Make the most of your prime earning (and saving) years by contributing more to your 401(k) Plan, up to the IRS max each year. You can even start making catch-up contributions each year after you reach age 50 ($7,500 in 2024). While you’re at it, check your account performance to make sure you’re tracking with your savings goals, and use Fidelity’s online planning tools to create a retirement income plan.

2. Turn your Health Savings Account (HSA) into a retirement tool.

If you’re in one of the HS Plans (Basic, Standard, or Premium), leverage your HSA as part of your retirement plan. When you retire, you can use your Synopsys 401(k) Plan, IRA, and other savings/investments for your day-to-day living expenses—and use your HSA to pay for health care. Once you reach age 55, build your nest egg even faster by making annual catch-up contributions of $1,000.

3. Build your retirement knowledge through AARP.

When you reach age 50, consider joining AARP to access tools, tips, and resources on health, wealth, and everything in between. Even if you’re not a member, their free Retirement Calculator can give you a personalized snapshot of what your financial future might look like.

4. Maintain medical coverage if you retire early.
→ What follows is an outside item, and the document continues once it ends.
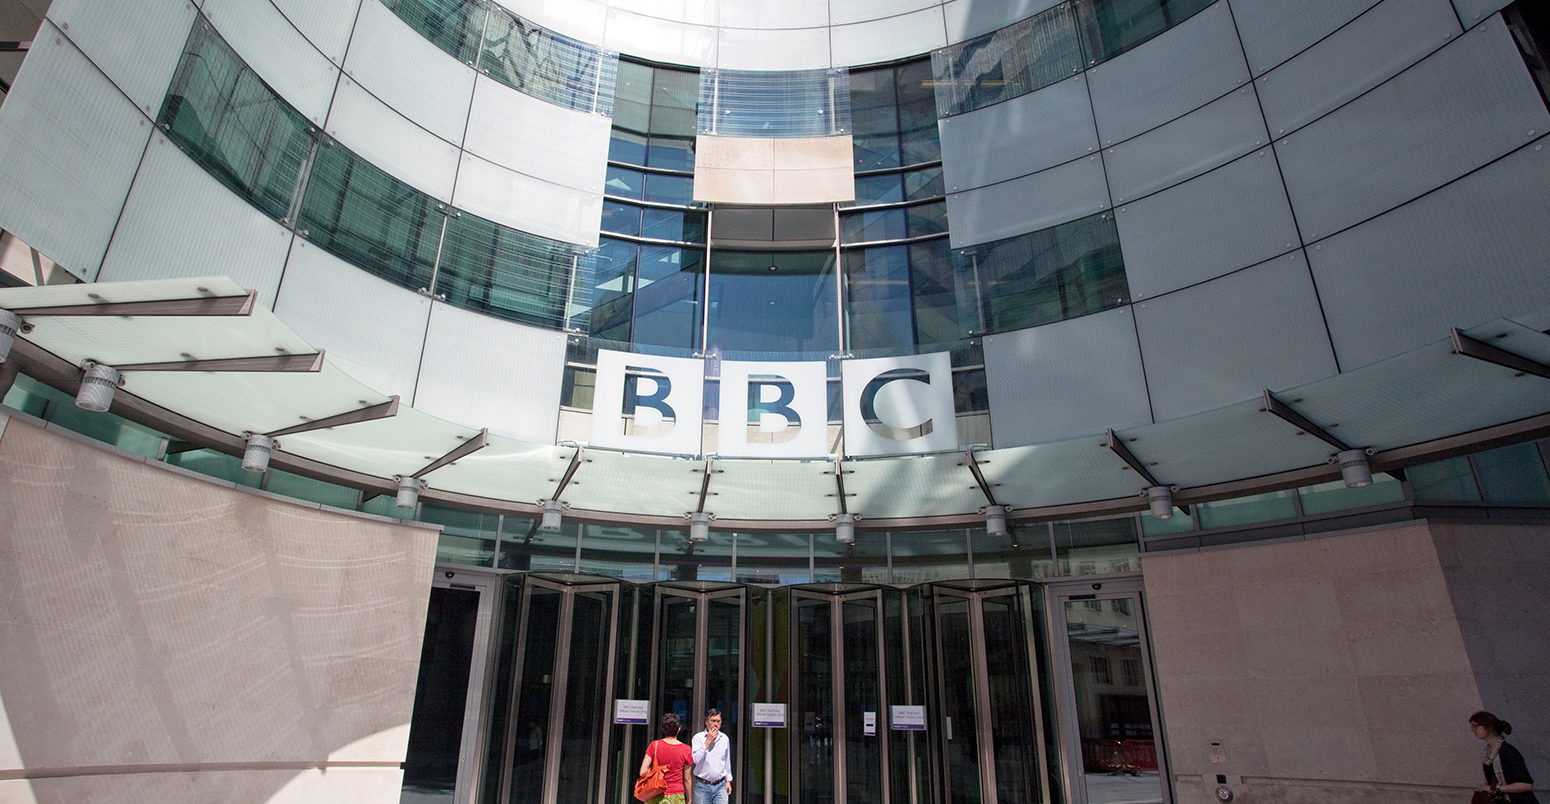 Exclusive: BBC issues internal guidance on how to report ...

If you’re age 59½ or older, you’ve worked at least 7 continuous years at Synopsys, and you’re leaving Synopsys, you can enroll in the Bridge to Medicare plan. The plan extends your health care coverage until you turn 65 or become Medicare-eligible, whichever comes first.

In Your 60s

1. Keep growing your savings with your 401(k).

Every year, contribute as much as you can to your 401(k) Plan (up to the IRS max, if possible) and make catch-up contributions. Review your investments to make sure they align with your goals, and use Fidelity’s online planning tools to determine if you’re financially ready to retire or need to work just a bit longer.

2. Make your Health Savings Account (HSA) a retirement tool.

If you have an HSA, make it part of your retirement plan. When you retire, you can use your Synopsys 401(k) Plan, IRA, and other savings/investments for your day-to-day living expenses—and use your HSA to pay for health care. And be sure to stash away even more by making annual catch-up contributions of $1,000.

3. Plan for your long-term care needs.

Consider enrolling in the Long-Term Care (LTC) Insurance program, which covers care received at home, in the community, or in a nursing home. Because your health insurance, disability insurance, and Medicare coverage don’t pay for the cost of this care, LTC plans protect your retirement savings if you need care in the future.

4. Maintain medical coverage when you retire.

If you’re age 59½ or older, you’ve worked at least 10 years (with any breaks in service lasting less than two years), and you’re leaving Synopsys, you can enroll in the Bridge to Medicare plan. The plan extends your health care coverage until you turn 65 or become Medicare-eligible, whichever comes first.